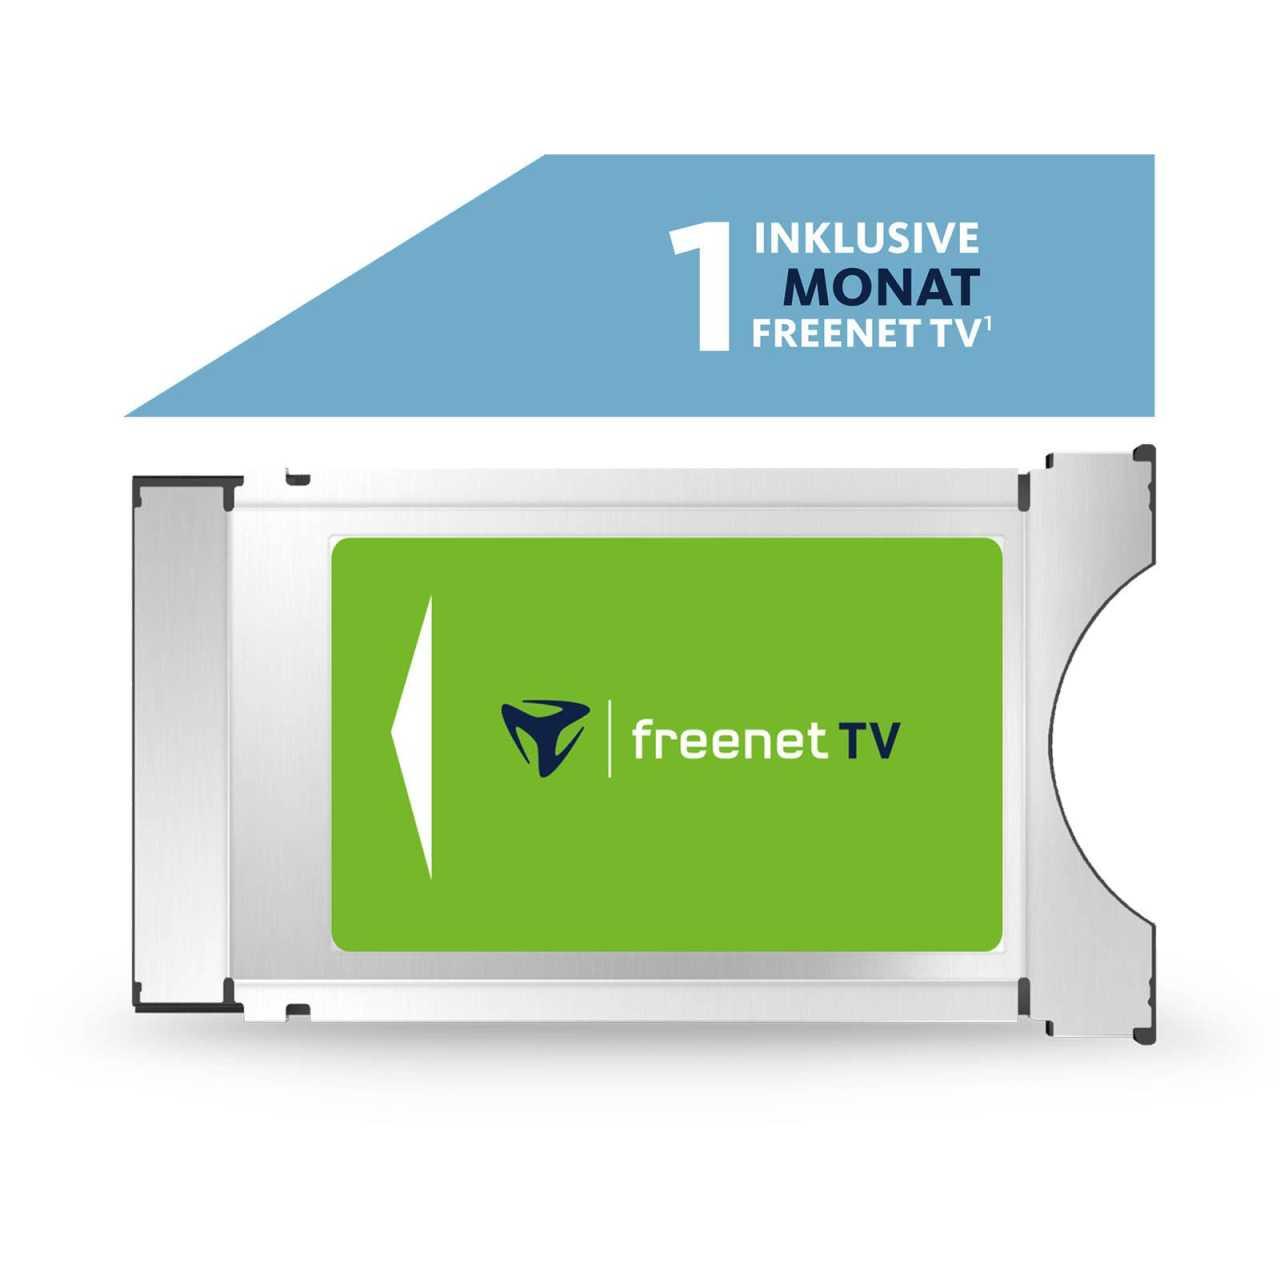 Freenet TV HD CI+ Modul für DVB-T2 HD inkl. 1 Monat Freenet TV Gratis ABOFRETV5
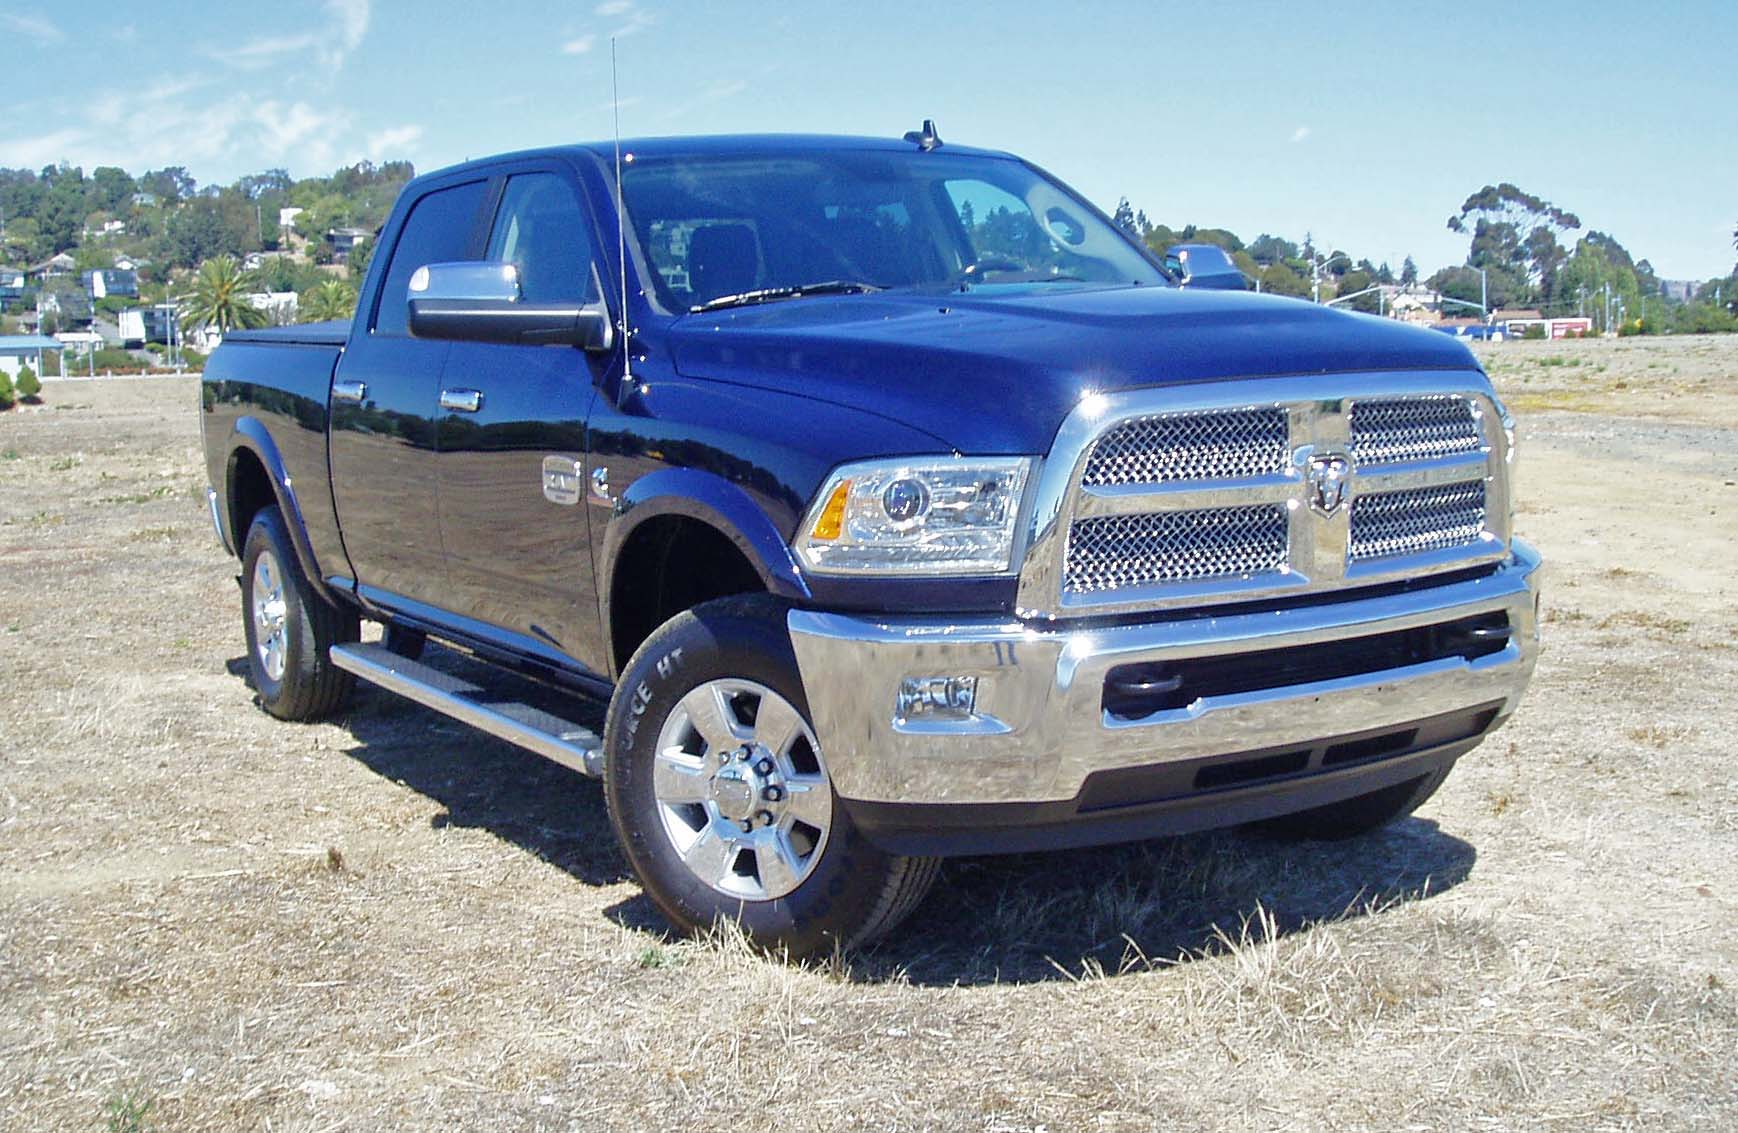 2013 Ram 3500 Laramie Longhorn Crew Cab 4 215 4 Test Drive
+===+
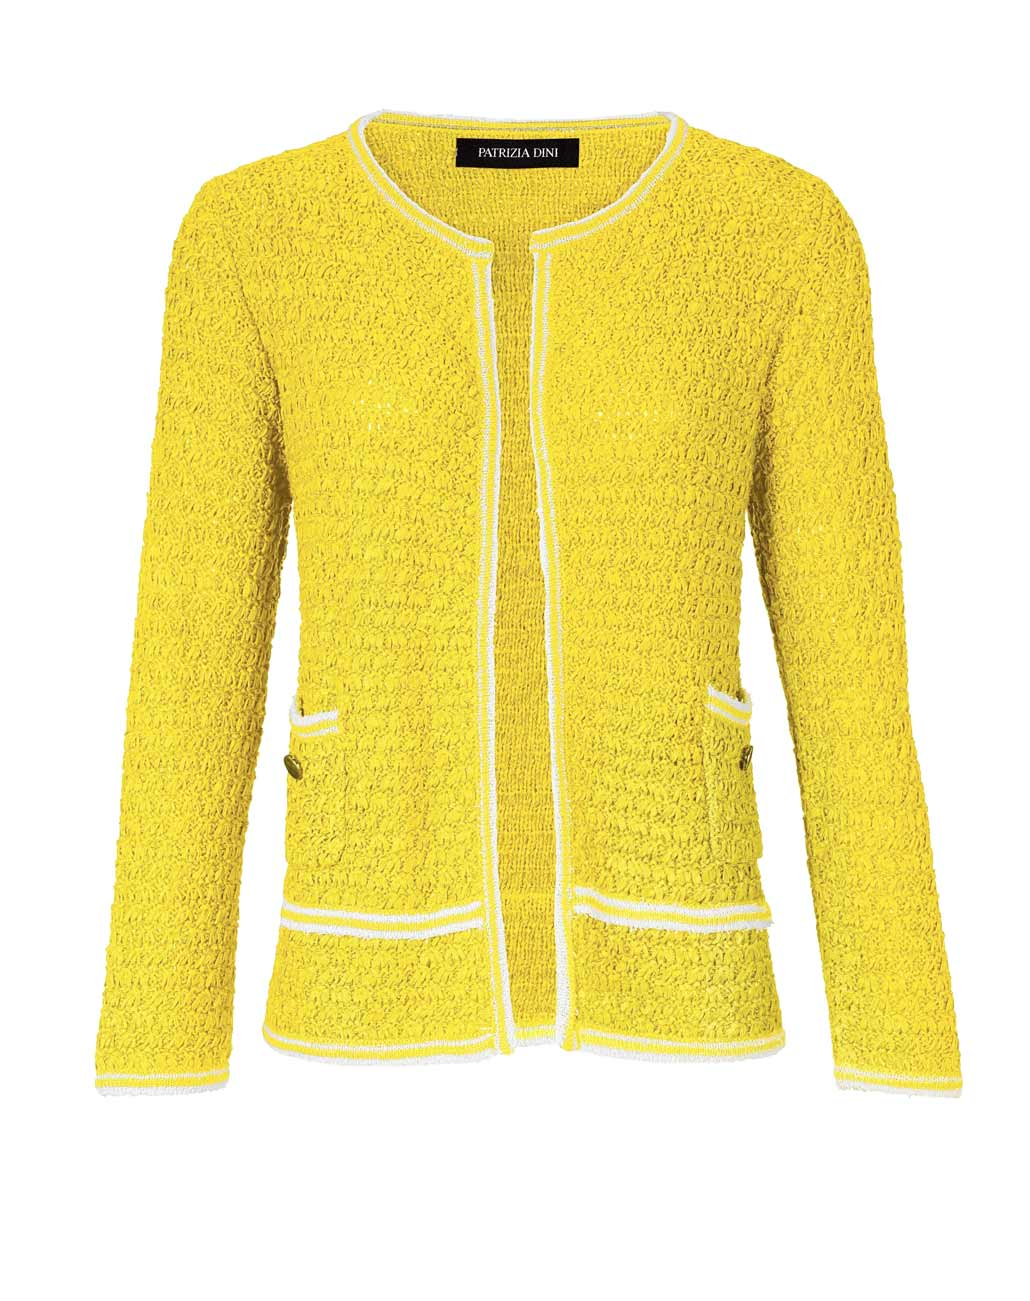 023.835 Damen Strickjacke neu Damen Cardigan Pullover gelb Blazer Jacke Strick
+===+
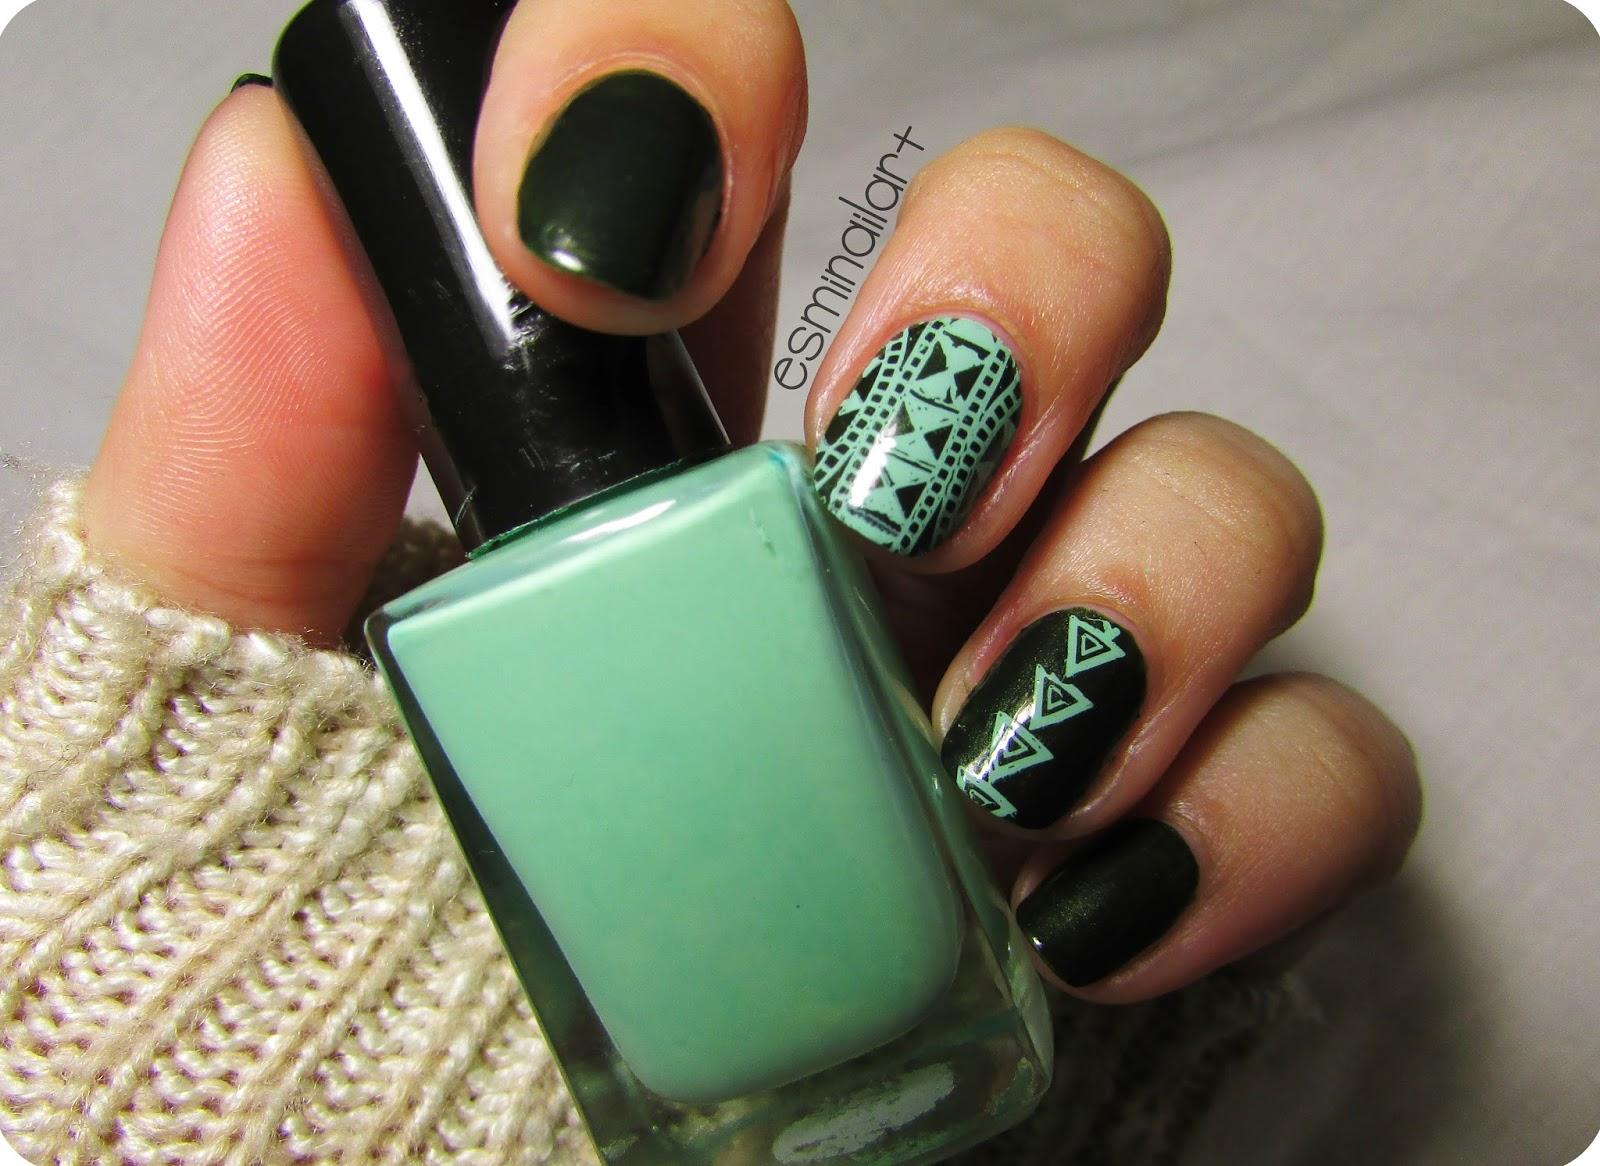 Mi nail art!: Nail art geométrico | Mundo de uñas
+===+
YOUR OBJECTIVE -
Exactly the lines above from the one that contains "Freenet TV HD" down to the one that contains "2013 Ram 3500" are to be output, both ends kept and pictures omitted.

SOLUTION TO THE EXERCISE -
 Freenet TV HD CI+ Modul für DVB-T2 HD inkl. 1 Monat Freenet TV Gratis ABOFRETV5
 2013 Ram 3500 Laramie Longhorn Crew Cab 4 215 4 Test Drive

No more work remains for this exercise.